С Ирен Абеловной Ордуханян (1938 г. рождения) (рис. 8/1, 8/2) и ее дочерью, Агатой Ванунц (1963 г. рождения), более чем полуторачасовое интервью 15 декабря 2013 г. в Ереване провел Арутюн Марутян. Беседа велась частично по-русски, частично по-армянски.

Мой отец, Абел Искандарович Ордуханян, был арестован в октябре 1937 г., мать, Эвелину Вардановну Киракосян, не сослали, поскольку в это время она была беременна мной, должна была рожать. Поэтому мама благодаря мне осталась, я родился в марте, папа в это время уже сидел здесь в тюрьме. У меня есть и сестра, Карине, старше меня на три года.

Папа родился в 1902 г. в селе Шахат Сисианского района. Он был первым секретарем Алавердского района.[1] И когда его арестовали, обвинили в том, что там заводы стали производить мало продукции, всё стало хуже, что он будто устраивал саботаж, был врагом народа.[2]  Отец доказывал по документам, что всё было наоборот, пока не понял, что не имеет смысла что-либо доказывать. Это я рассказываю по рассказу мамы.

Мама моей мамы с тремя дочерьми бежала из Баку в 1918 г. Моя мама 1914 г. рождения.  Они бежали в Гюмри, поскольку вся родня бабушки была из Гюмри.  Папу моей мамы турки убили прямо в Баку в больнице [1918 г.].  Он оставил четырех сирот, и одна из дочерей умерла в 1918 г. Моя мама спустя годы работала на Ленинаканском текстильном комбинате, смелая, молодая, красивая девушка 18-19 лет. Здесь же она знакомится с папой: он был партийным работником, наверное поехал на завод для беседы с рабочими.  Ну, мама вышла замуж, и папа привез маму, а также бабушку и двух ее дочерей в Ереван.  Все вместе жили  в квартире на Алавердяна. “Говорят, что именно на эту квартиру зарились, когда писали донос”, – вступает в разговор Агата.  Была большая, хорошая квартира. Пришли и выгнали из квартиры [после ареста отца], маму отвели во двор типографии на улице Алавердян. Туда, где сейчас министерство культуры и другие, там раньше были хибары, нас туда бросили, и мы там выросли.

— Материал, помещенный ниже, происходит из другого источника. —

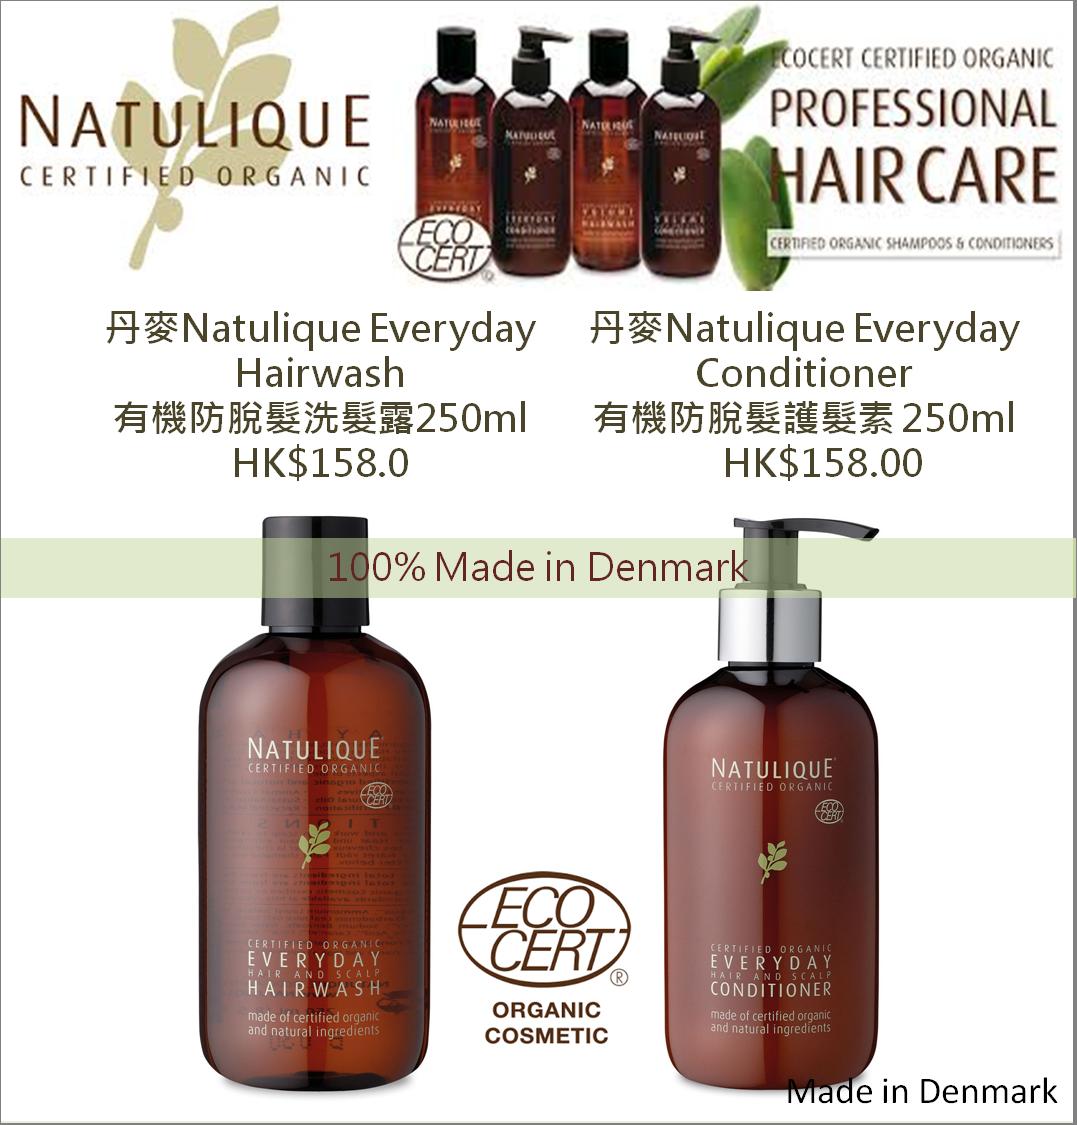 6折丹麥製造NATULIQUE有機防脫髮護髮產品
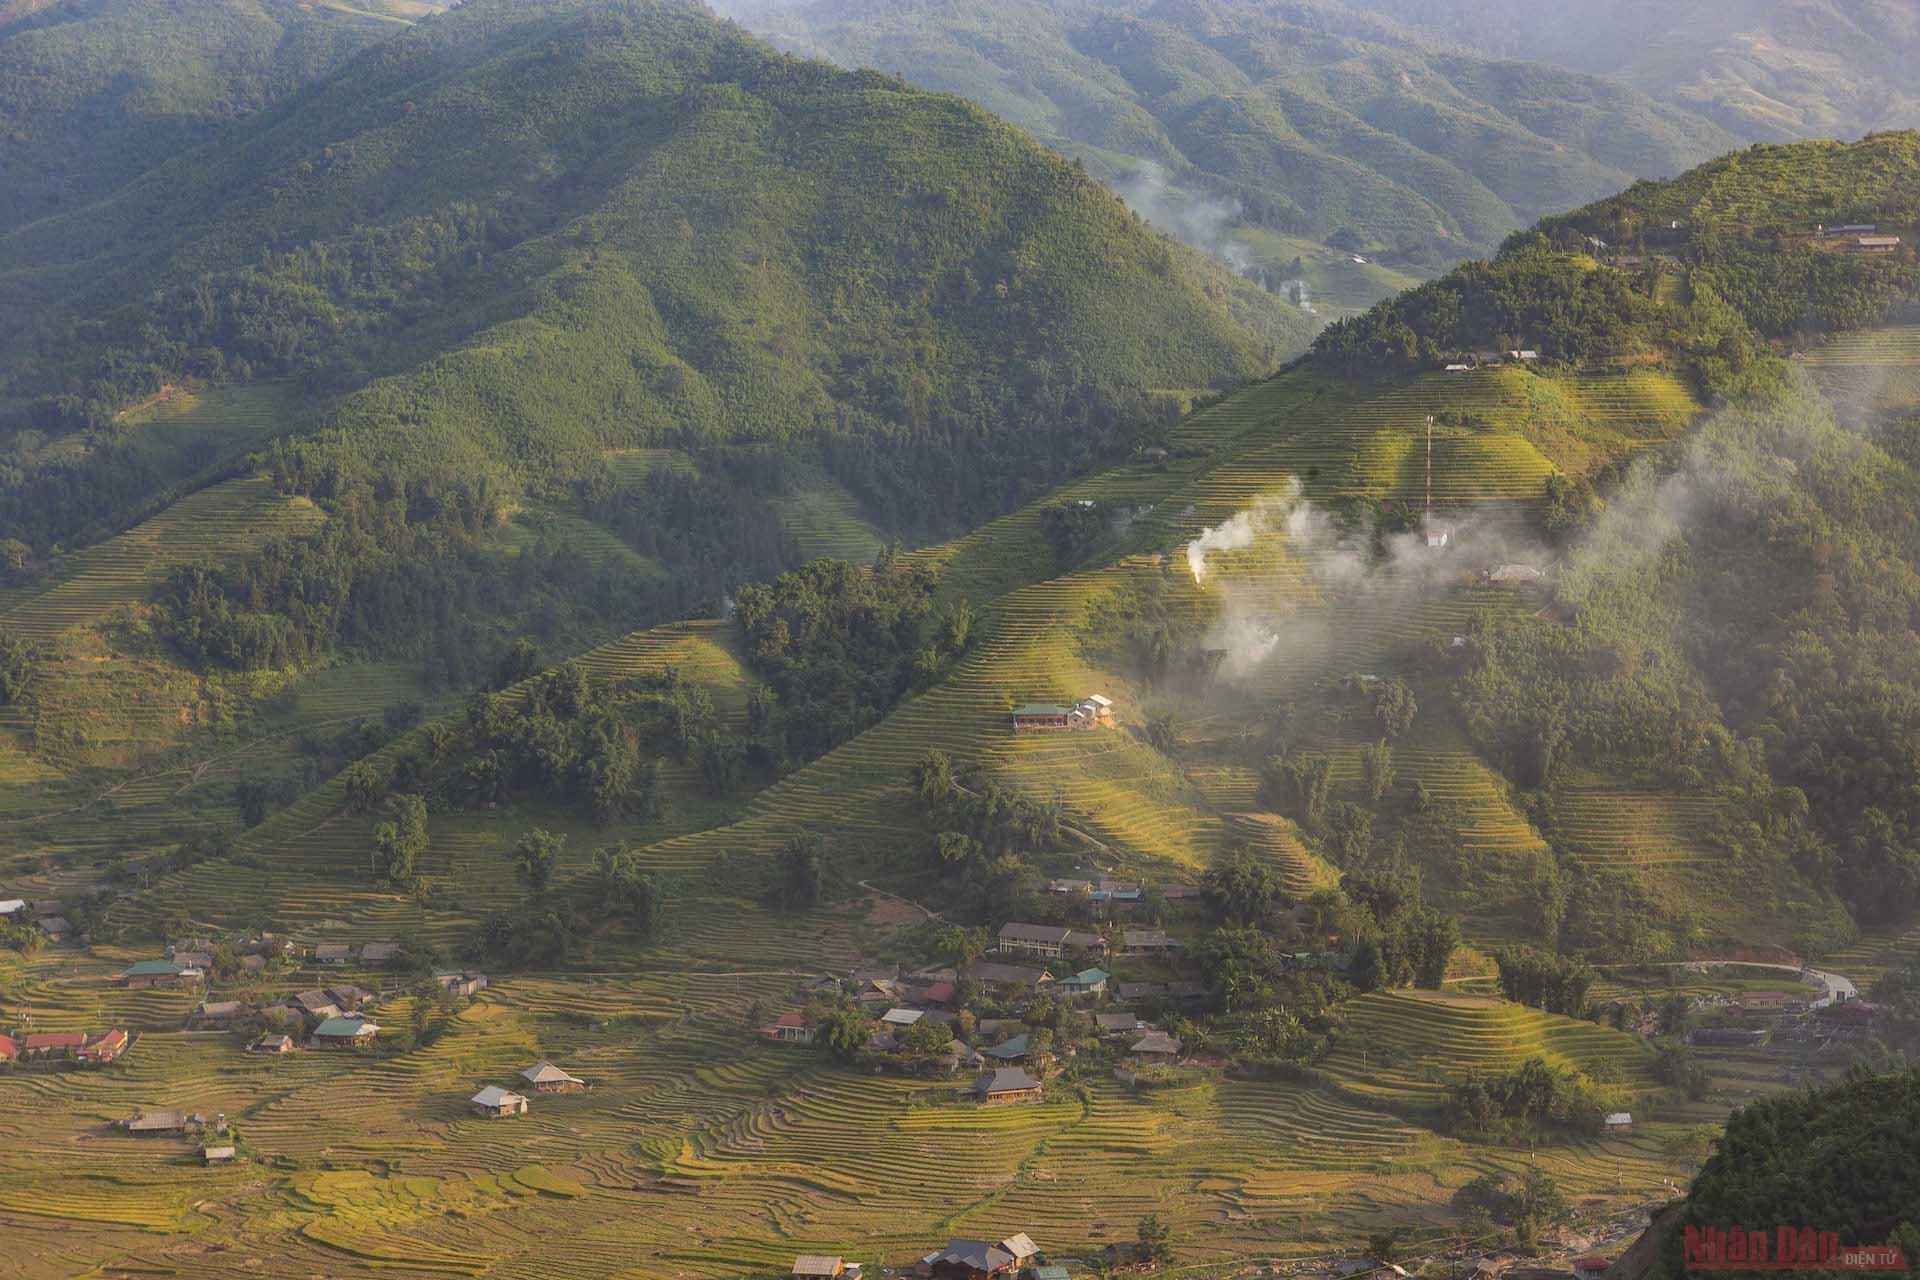 poetic golden rice season in muong hoa valley

До тех пор пока не вернулся отец. В решении суда о реабилитации было написано приблизительно так: оправдан за отсутствием преступления. Дедо[3]  нехотя говорил, что ясно, кто написал донос. Хочу сказать, что отец ничего не подписывал, он был человеком из железа.[4] И поскольку он ничего не подписывал, его не могли приговорить к расстрелу, вроде такое помню. Насколько знаю, суд был.[5] Папу держали в тюрьме ереванского КГБ до апреля-мая, потом сослали в Сибирь. Мама рассказывала, что она, беременная, носила в тюрьму передачи [еду], там бывали огромные очереди, и как-то, рассказывает, в один из дней к этой очереди  подъезжают конные милиционеры, и один из них, руководитель, генерал Хворостян[6] [фамилия], стал избивать тех, кто принес передачу, говоря: “Разогнать эту контрреволю­цион­ную мразь”. И что интересно, этого человека спустя некоторое время тоже расстреляли.

Вот так папа попал в Сибирь. Норильск. Говорит Агата: “Его приговорили к пожизненному  заключению, но он сидел 18 лет.[7]  Так бабушка говорила”. Но перемены места заключения были.[8] Сначала был на лесоповале, потом перевели в Норильск. Когда он сидел, их отводили в тайгу, причем папа говорил, что никакого надзора не было. Потому что возможности убежать не было. А если бы кто убежал, умер бы от холода. То есть за ними [ссыльными] необходимости надзирать не было. Все они возвращались в свои бараки. Папа рассказывал, что их в бараках держали голодными. А в один из дней приехала комиссия из Москвы, всех собрали и стали спрашивать: ну как, всё у вас в порядке, вы всем довольны? Папа сказал: знаете что? Может, лучше нас сразу расстрелять, чем так постепенно морить голодом?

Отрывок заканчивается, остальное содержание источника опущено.